Considerations about bicycle_example.rst

As can be observed from the automatic tests, there is a discrepancy between the expected values and the obtained values for the bicycle example in doc/src/tutorials/physics/mechanics/.

The expected values used in the test are taken from the paper Meijaard 2007.

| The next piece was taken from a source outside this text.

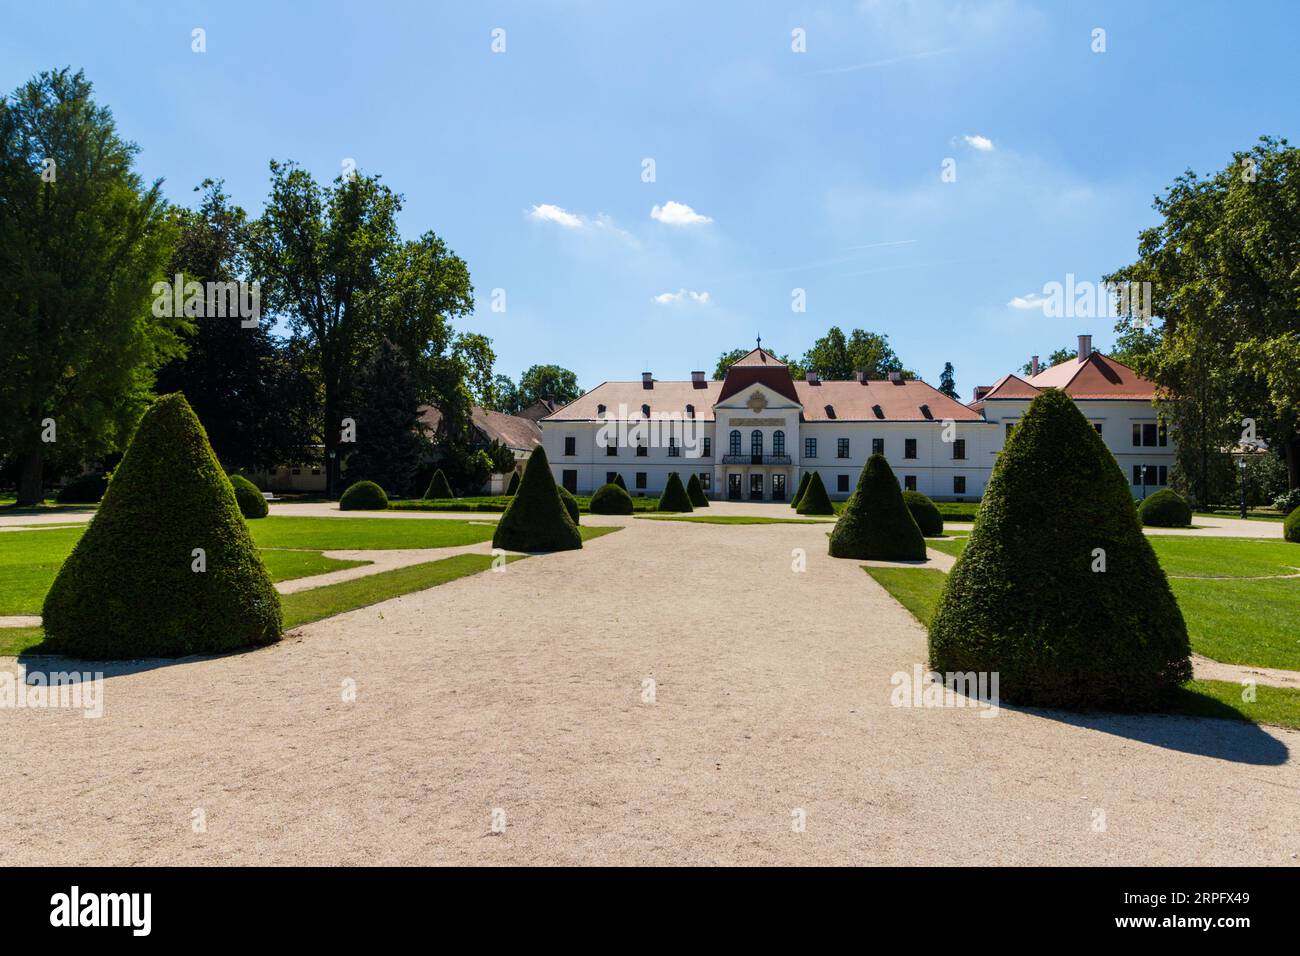 Façade nord et jardin à la française du palais ou manoir Szechenyi, construit en 1750 dans le style baroque, Nagycenk, Hongrie Banque D'Images

To understand whether the discrepancy observed when running the test using the new forward_jacobian function inside the linearizer represents a problem, I summarize the findings in the following table:

Source v Complex Eigenvalue (Real) Complex Eigenvalue (Imaginary) Real Eigenvalue 1 Real Eigenvalue 2
norm_jac 1 3.52696170990069 -0.807740275199311 -3.13423125066578 -7.11008014637441
meijaard 1 3.52696170990070 -0.80774027519930 -3.13423125066578 -7.11008014637442
new_jac 1 3.52696170990069 -0.807740275199311 -3.13423125066578 -7.11008014637441
norm_jac 2 2.68234517512745 -1.68066296590676 -3.07158645641514 -8.67387984831737
meijaard 2 2.68234517512745 -1.68066296590675 -3.07158645641514 -8.67387984831735
norm_jac 3 1.70675605663973 -2.31582447384324 -2.63366137253665 -10.3510146724592
meijaard 3 1.70675605663975 -2.31582447384325 -2.63366137253667 -10.35101467245920
norm_jac 4 0.413253315211239 -3.07910818603205 -1.42944427361326 -12.1586142657644
meijaard 4 0.41325331521125 -3.07910818603206 -1.42944427361326 -12.15861426576447
new_jac 4 0.413253315211238 -3.07910818603205 -1.42944427361326 -12.1586142657644
norm_jac 5 -0.775341882195845 -4.46486771378823 -0.322866429004087 -14.0783896927982
meijaard 5 -0.77534188219585 -4.46486771378823 -0.32286642900409 -14.07838969279822
new_jac 5 -0.775341882195846 -4.46486771378823 -0.322866429004085 -14.0783896927982

In the table the current expected values are identified by: norm_jac, the values from the paper are identified as: meijaard, and the values that I obtained are identified by: new_jac.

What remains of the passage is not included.